According to Margot, these Lauragais beans are equally rare: and for this dish, they must keep their shape throughout many hours of cooking.
Ordinary beans are too large, she says, and will break up during the process.
Only the very best Lauragais beans must go into her cassoulet.
Following her instructions, I put the beans in cold water to soak, and checked what else I needed.
The difficulty of this dish is the sheer time the cooking takes; three hours for the initial stage, then allow two hours to cool, and warm it again, very slowly, to allow the flavours to combine.
That meant I had to start early. I went to the butcher’s on the corner of Rue du Panier and explained what I was making.
‘Cassoulet tomorrow, hé ?’ The butcher is called André, and he, too, is one of our regulars. ‘Madame Martin made good cassoulet. She used her mother’s recipe.’
Over the past three months I have learnt that food is deeply personal.
Cassoulet, a dish that originated centuries ago in one of our poorest regions, has become an expression of the fiercest community pride.
Toulouse has its own special recipe, and so do Castelnaudary and Carcassonne.
But there exist a myriad of variants, like wild seeds that have found their home among the ruins of ancient times.
Each one represents a life, all but forgotten now except for this – this dish that is more than just nourishment, but a reminder of one who was loved.
‘You knew her?’ I said.
‘She had a shine.’
A shine . Isn’t that what Tonton had said?
I thought of the woman I’d glimpsed that day in the rising steam of the bouillabaisse.
Shining, yes; but troubled, too; racked with grief and longing.
The quote on her cassoulet recipe says: The most beautiful verses are the ones that are never finished.
Underneath, she has written: Change reminds us we’re alive. Only death never changes .
André frowned and scrutinized his display of cuts of meat. ‘Madame Martin was from Bergerac,’ he repeated. ‘That means no sausage, no mutton.’
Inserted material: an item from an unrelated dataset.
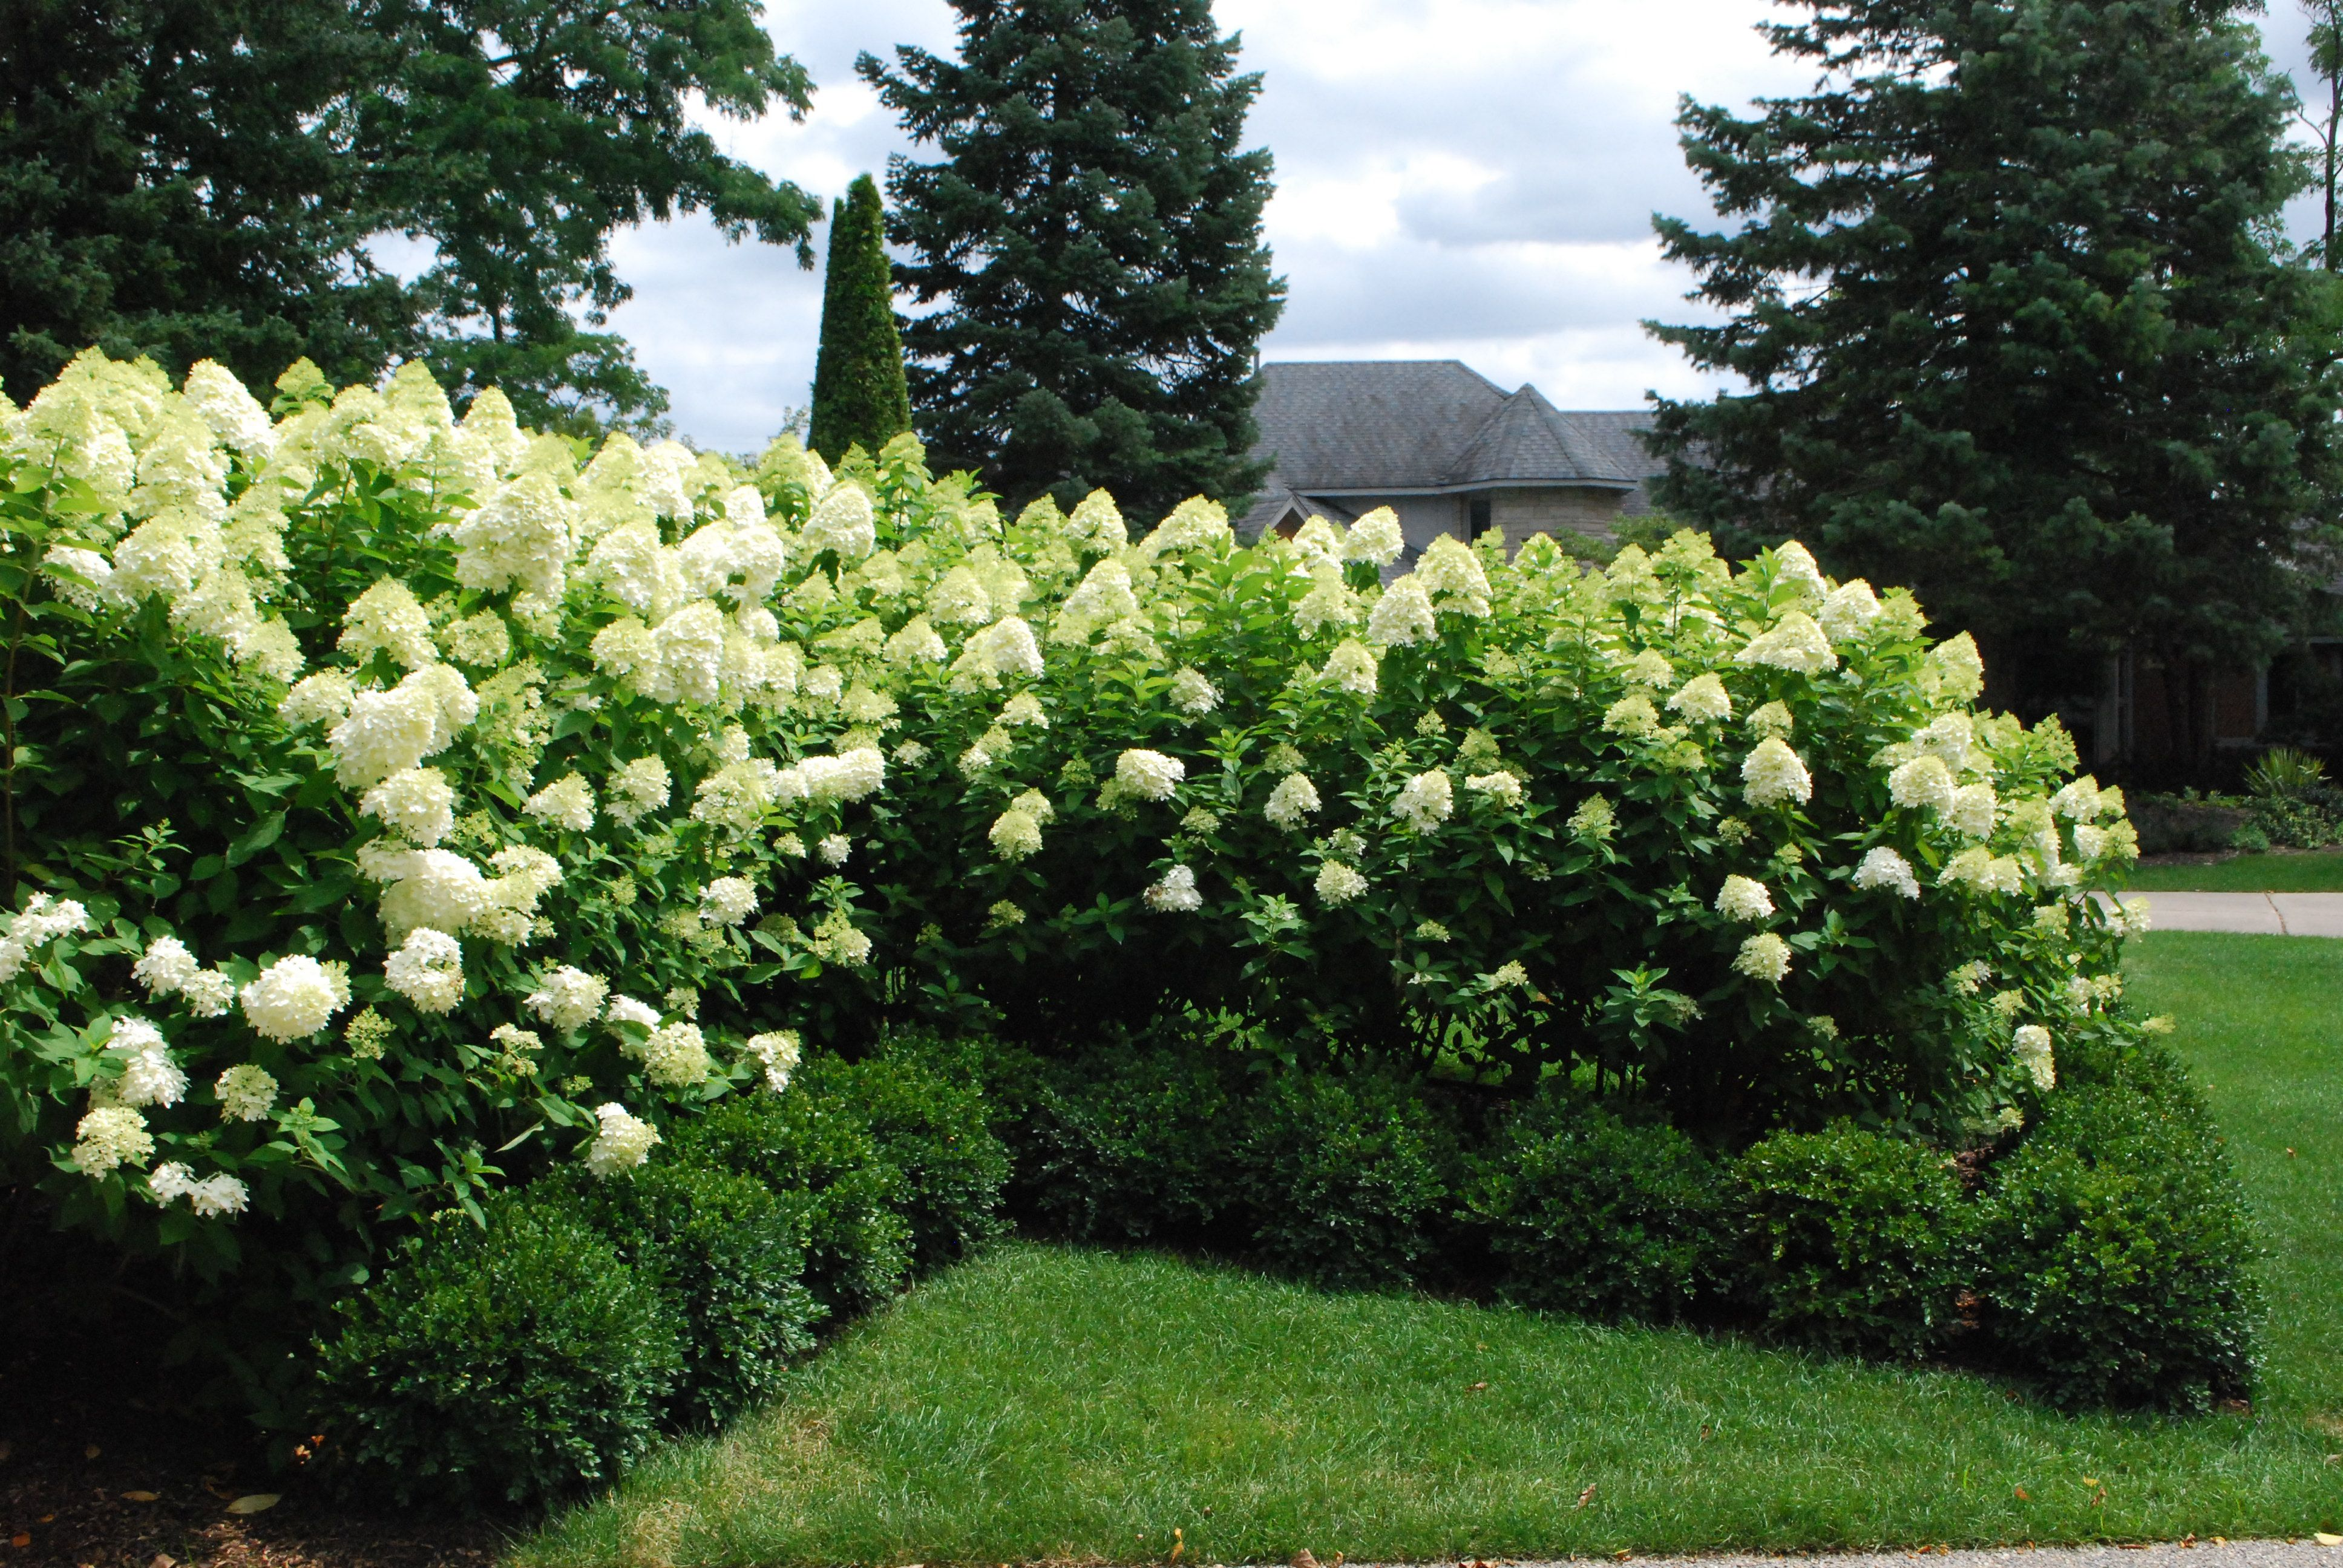 Limelight hydrangeas landscaping ideas annabelle for Limelight hydrangea

I knew that already: the thick pork sausage is a Toulouse variant of cassoulet; the mutton, often combined with game, is Carcassone’s tradition. Marguerite’s recipe calls for salt pork, shoulder, rind, goose fat, duck confit. And love, of course; the ingredient that cannot be forgotten.
‘Louis always likes to make this dish around the first or second week in October. He says it’s the last dish she ever cooked. And the first thing she ever made for him when they were married.’
I sketched a little sign in the air, like pulling at a loosened thread.
But André needed no encouragement. He went on: ‘Must have been in ’73.
The year of the Watergate scandal. There was a song called Angélique that played all that month on the radio.
It was playing when I heard she’d died. She was only forty-one. ’
My mother was forty when she died. Or so she said.
In truth, I think she was older. We didn’t celebrate birthdays.
I’m not even sure when mine is – it used to vary between 3 April and sometime in September.
But forty-one – I can see Margot now, brown hair touched with tinsel.
Margot. She had so much to live for; so much love to send into the world.
It lives on in her recipes; recipes I mean to set free.
André wrapped my purchases and handed them to me in a paper bag. ‘Good luck, mademoiselle ,’ he said. ‘I hope you can make the dish your own.’